▸ **Work item**: Everything from the line holding "Журнал MUS выпустил ноябрьский номер" to the end of the listing below should be copied exactly, line for line, minus the pictures.

▸ **Data excerpt**:
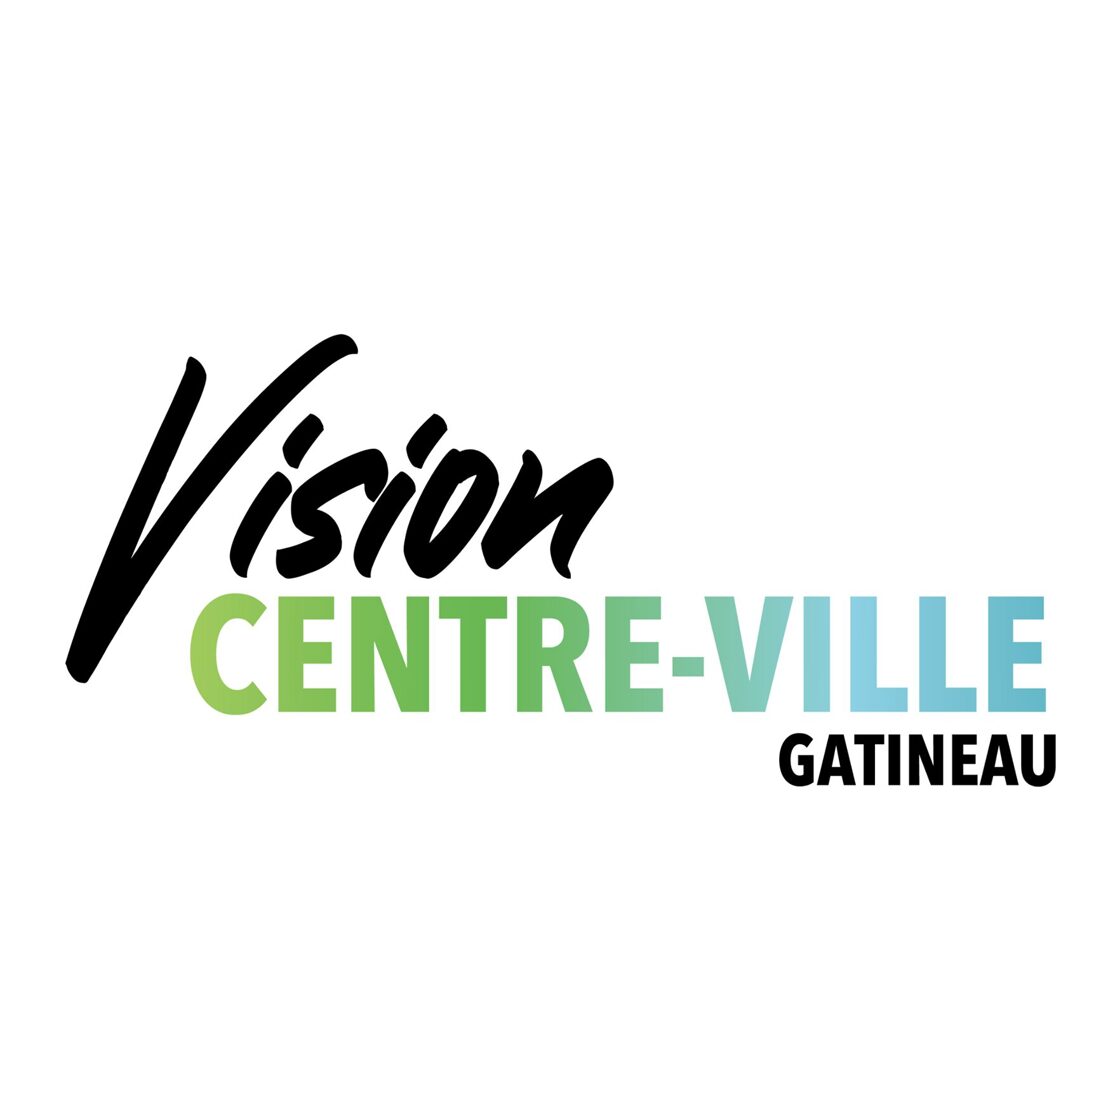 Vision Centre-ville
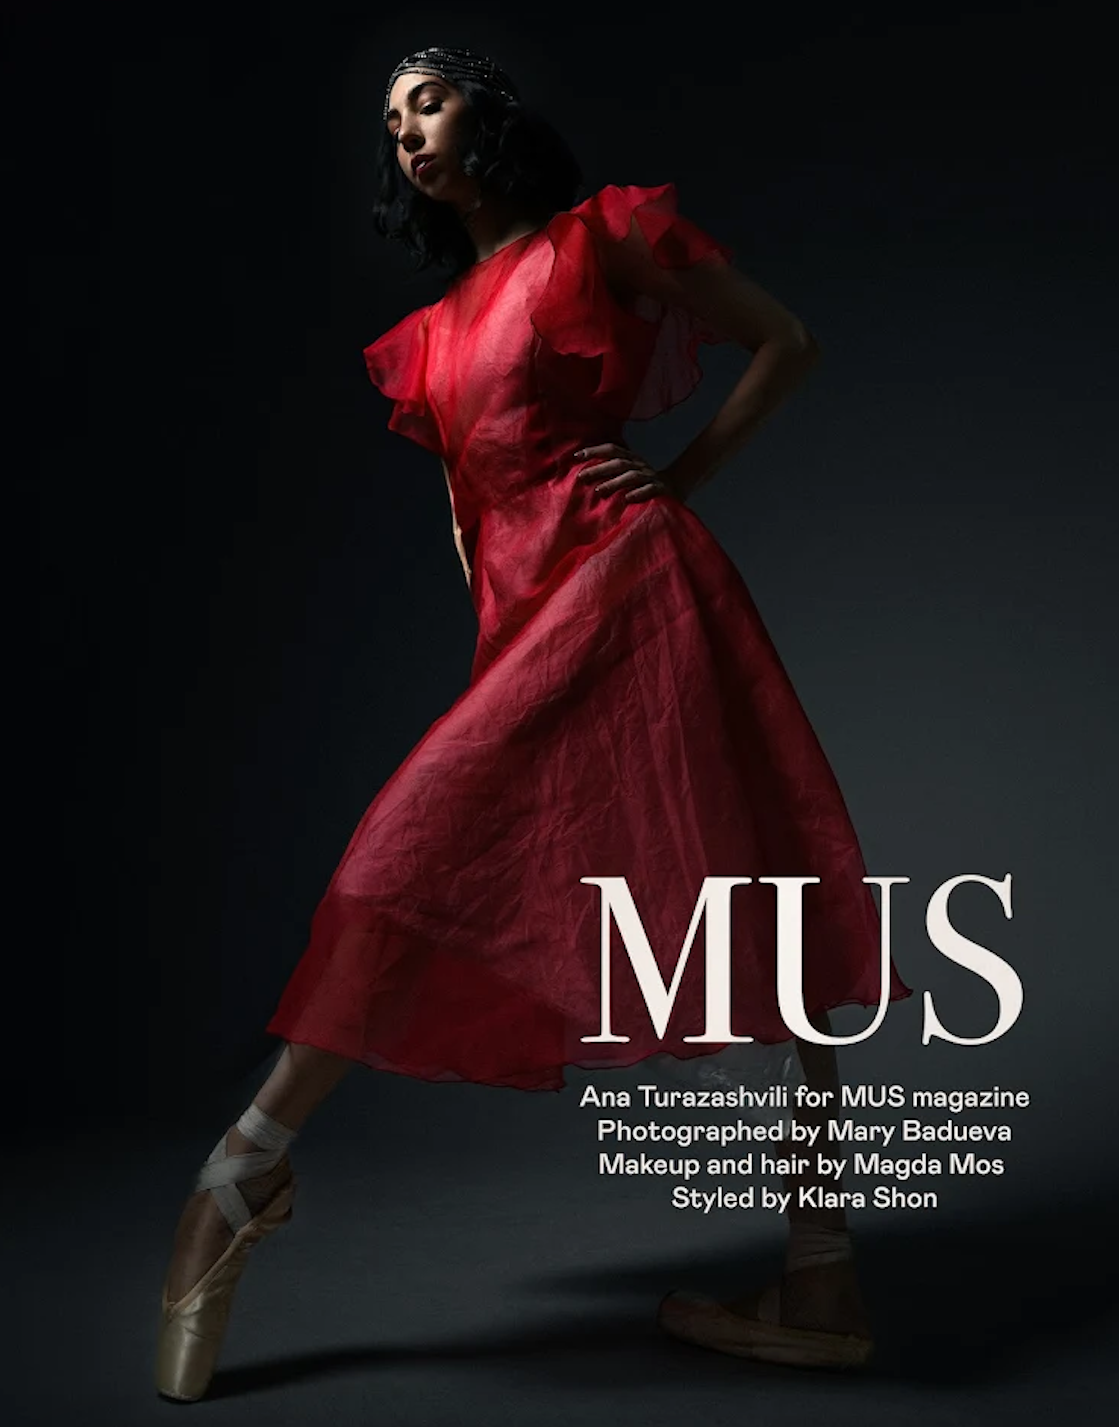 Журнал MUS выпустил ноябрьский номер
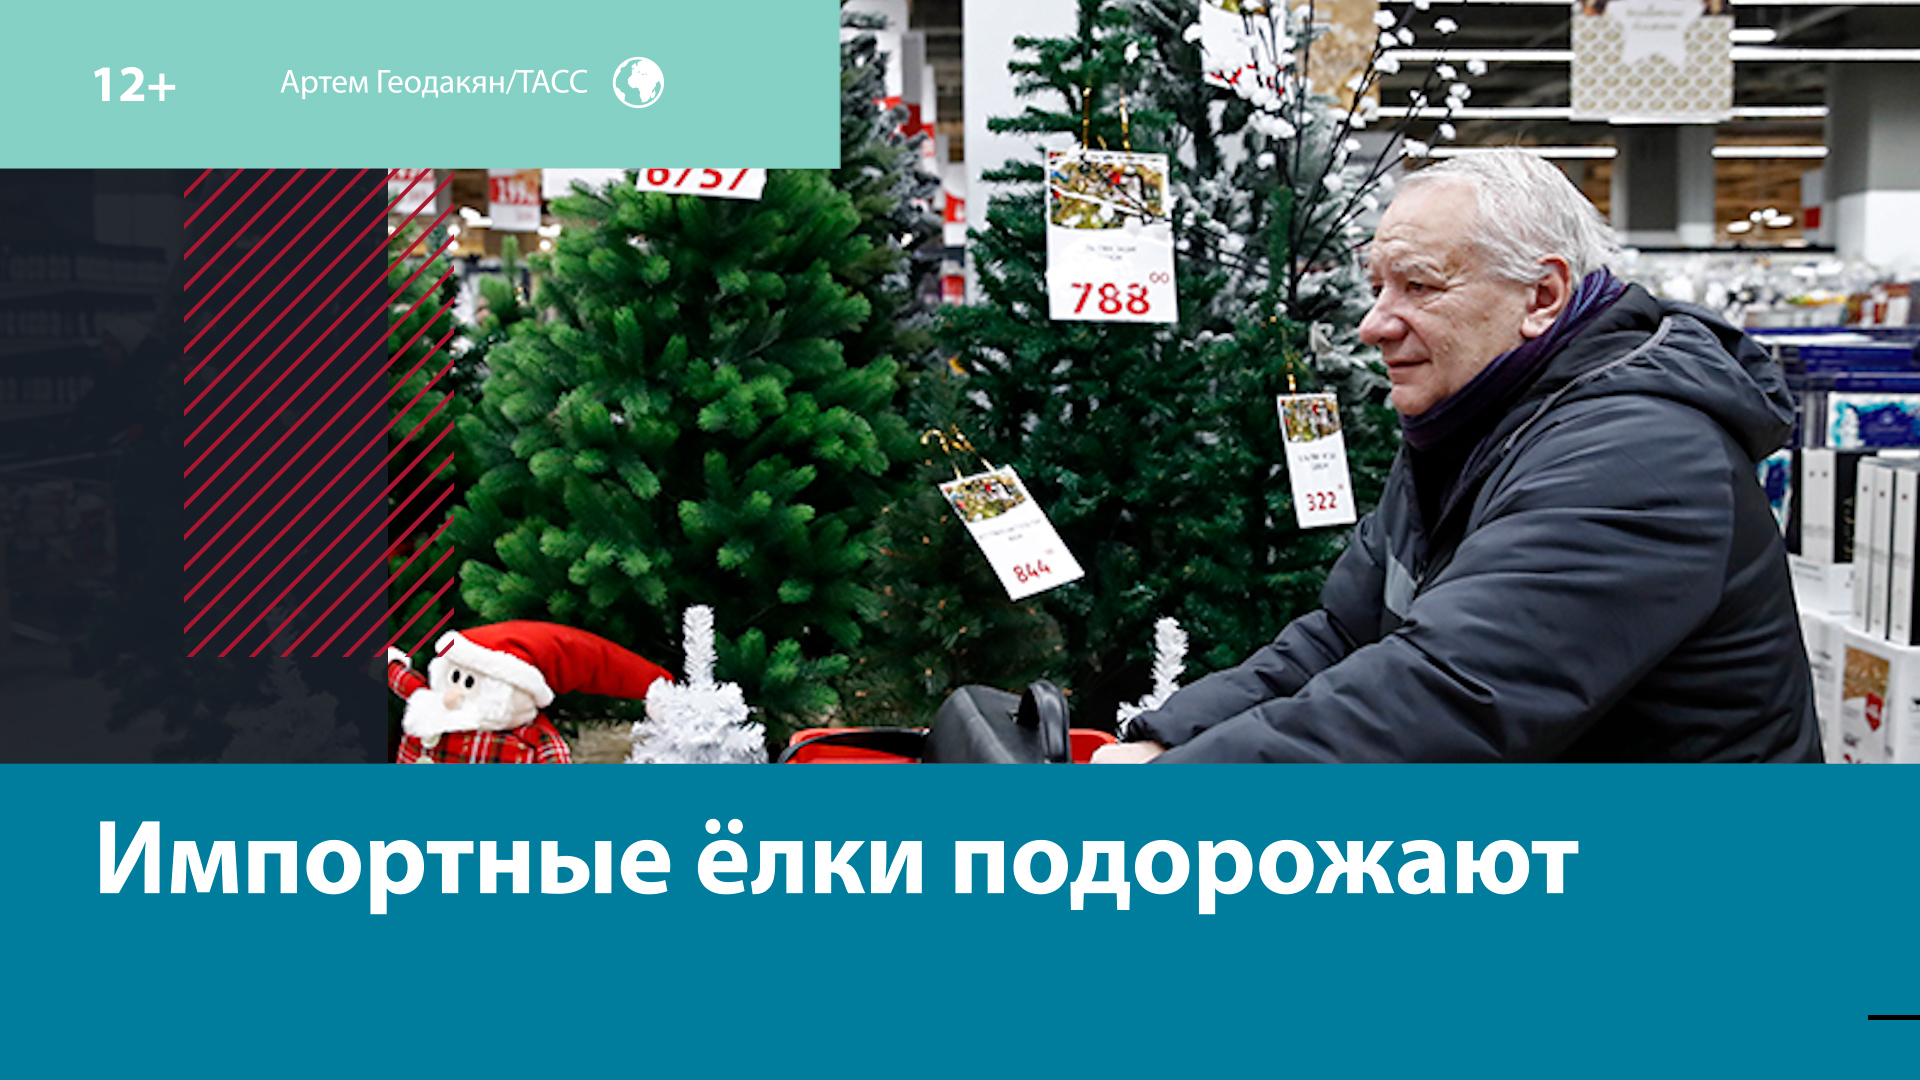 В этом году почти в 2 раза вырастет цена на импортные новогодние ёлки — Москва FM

▸ **Finished exercise**:
 Журнал MUS выпустил ноябрьский номер
 В этом году почти в 2 раза вырастет цена на импортные новогодние ёлки — Москва FM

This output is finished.